FALA – Faculdade de Letras e Artes


Docente: Profª Rafaela Medeiros
Disciplina: Literatura e Cinema
Curso: Letras – Inglês 7° Período
Discente: Ana Carolina da Silveira

Saussure, Peirce e o signo

Mossoró/RN

2017
Os signos são, de uma certa forma, as palavras que usamos para nos comunicar.
Ao falar repomos o mundo em palavras e pensamentos, com figuras de linguagem que
nem percebemos, como as metáforas, as metonímias, hipérboles e tantas outras.

Segundo José Roberto Barbosa (2013), “a atividade linguística é eminentemente


simbólica, as palavras criam conceitos, e esses, por sua vez, constroem a realidade.”
Tudo está intimamente ligado, mas não podemos no equivocar em pensar que o signo
linguístico une um nome a uma coisa, essa relação consiste em um conceito –
significado, a uma imagem acústica – significante. O significado não é a coisa
propriamente dita, mas sim a sua representação, por isso, Saussure afirma que o signo é
a união de um conceito com uma imagem acústica.

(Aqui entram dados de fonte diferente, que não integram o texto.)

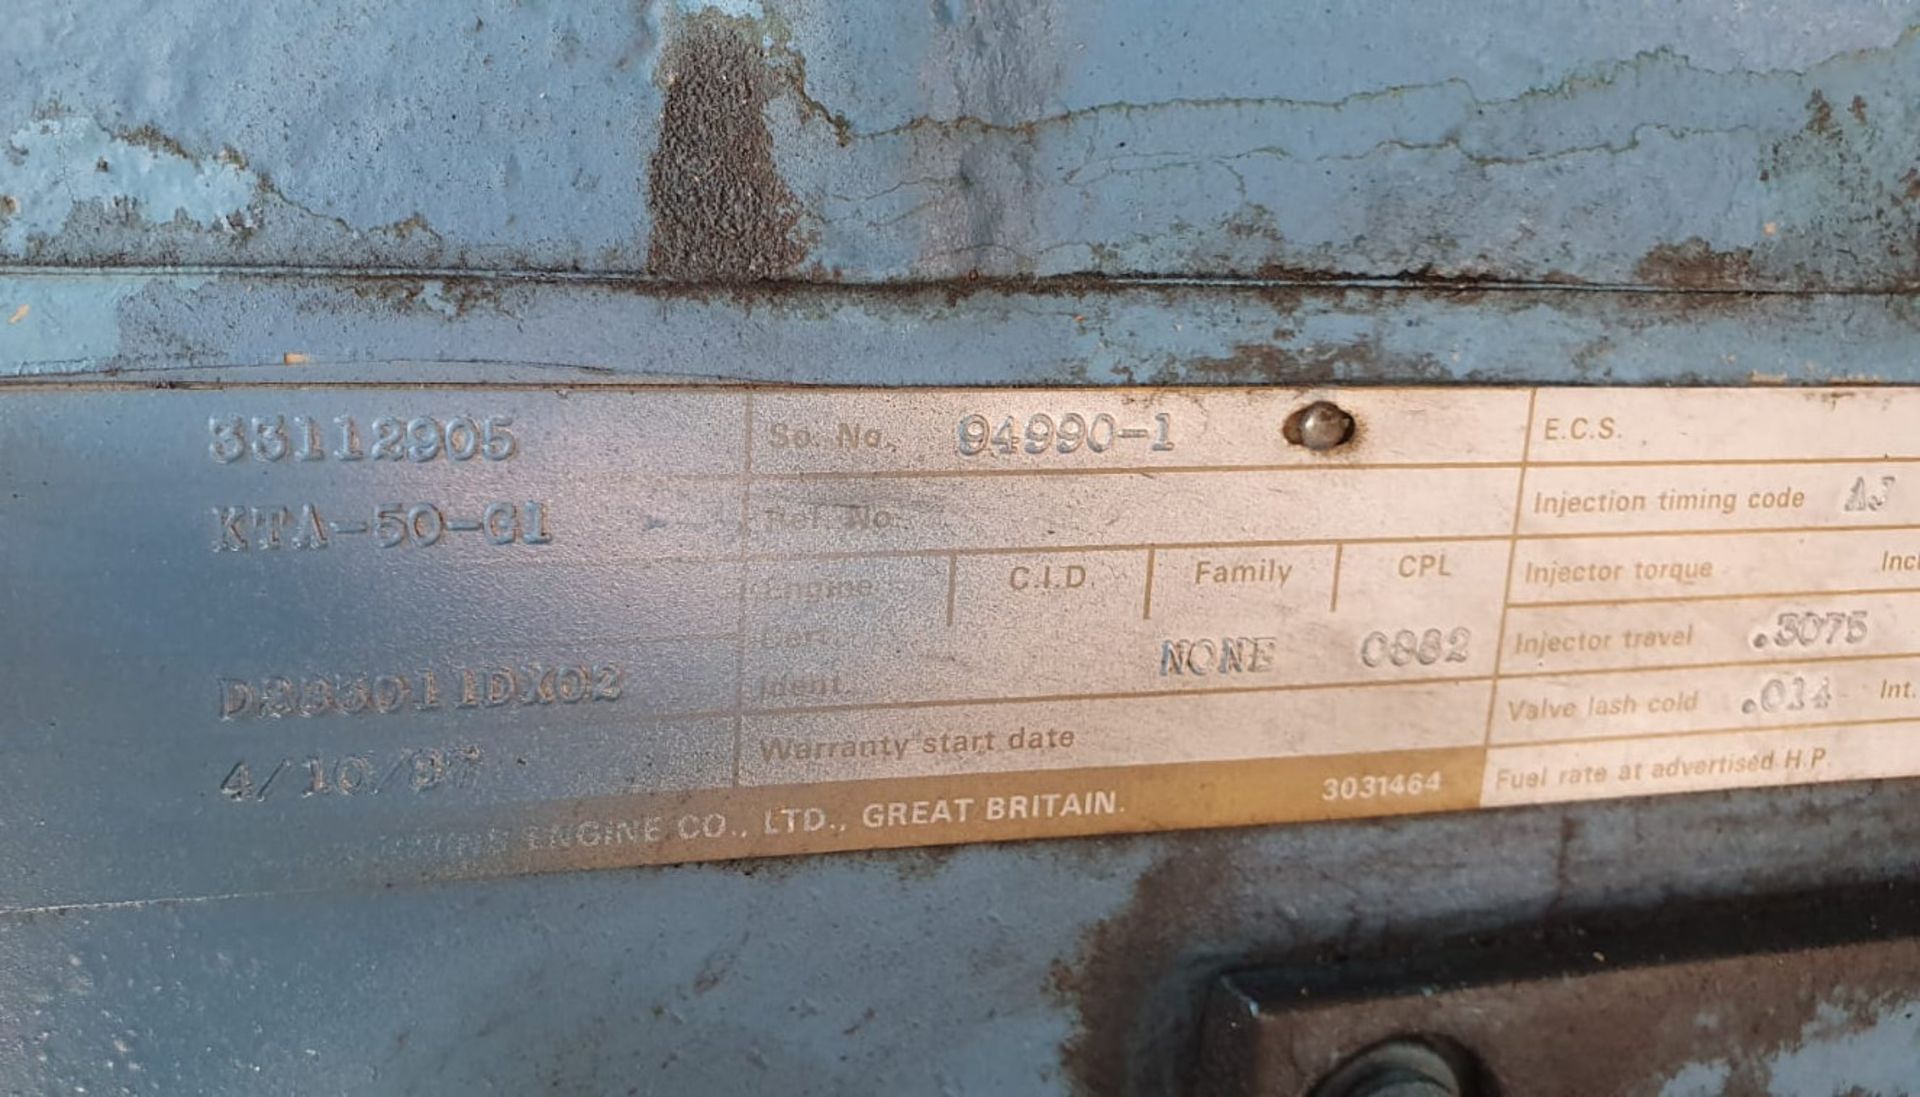 1 x 1987 Hitzinger SGS 9D 040 Generator - Only 800 Hours Use - Ref: T4UB/HZ - CL333 - Location: - Image 4 of 20

Continuando com a teoria saussuriana, ele argumenta também que não existe um
relação necessária, entre o sentido e o som, não há união ‘natural’ entre o significante e
aquilo que ele significa. Para Saussure, um signo é sempre interpretável por outro signo,
e isso acontece no interior do mesmo sistema pelos sinônimos, pelas paráfrases e pelas
codificações (BARBOSA, 2013).

Mais abrangente que a linguística, a semiótica de Peirce tem por objeto qualquer
sistema sígnico como: artes visuais, culinária, música, fotografia, etc. Para Peirce, um
signo é aquilo que sob determinado aspecto, representa algo para alguém; o signo é uma
representação de seu objeto, podendo ser denominado de ícone, índice ou símbolo.

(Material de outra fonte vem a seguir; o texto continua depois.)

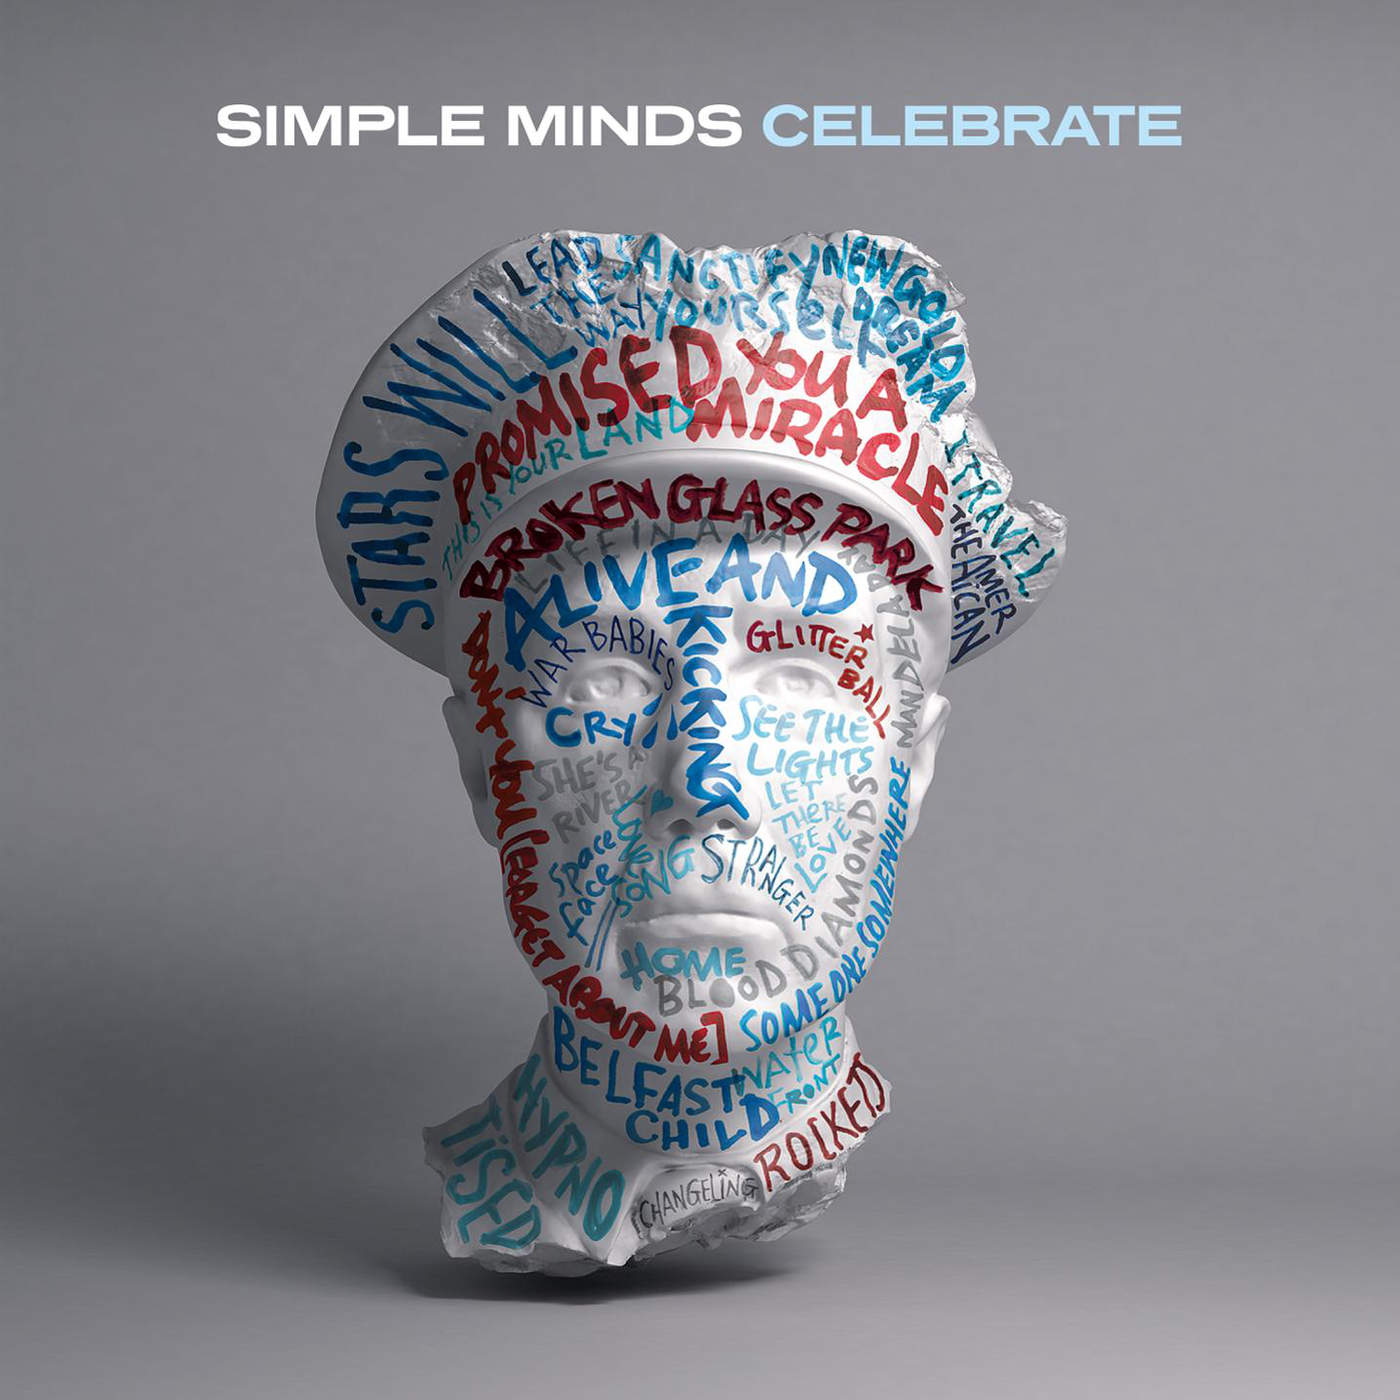 Art for Don't You (Forget About Me) by Simple Minds

Índice: São indicativos de algo ou alguém. Indícios, representando algo que não está
presente;
Ícone: Imagens que no geral representam tal qual algo ou alguém;
Símbolos: São convencionados, não representam similaridade com o seu objeto.

Para Deleuze (1990 p. 43) “a força de Peirce, quando inventou a semiótica,


esteve em conceber os signos partindo das imagens e de suas combinações, e não em
função de determinações já linguísticas”.
Referências:
BARBOSA, J. R. A. Linguística: outra introdução. Mossoró: Queima-Bucha, 2013.
p. 25.
DELEUZE, G. Imagem-tempo. São Paulo: Brasiliense, 1990.

MOSTAFA, S. P. Charles Peirce, Gilles Deleuze e a Ciência da informação. São


Paulo: Inf. & Soc. :Est., João Pessoa, v.22, n.1, p. 27-37, jan./abr. 2012.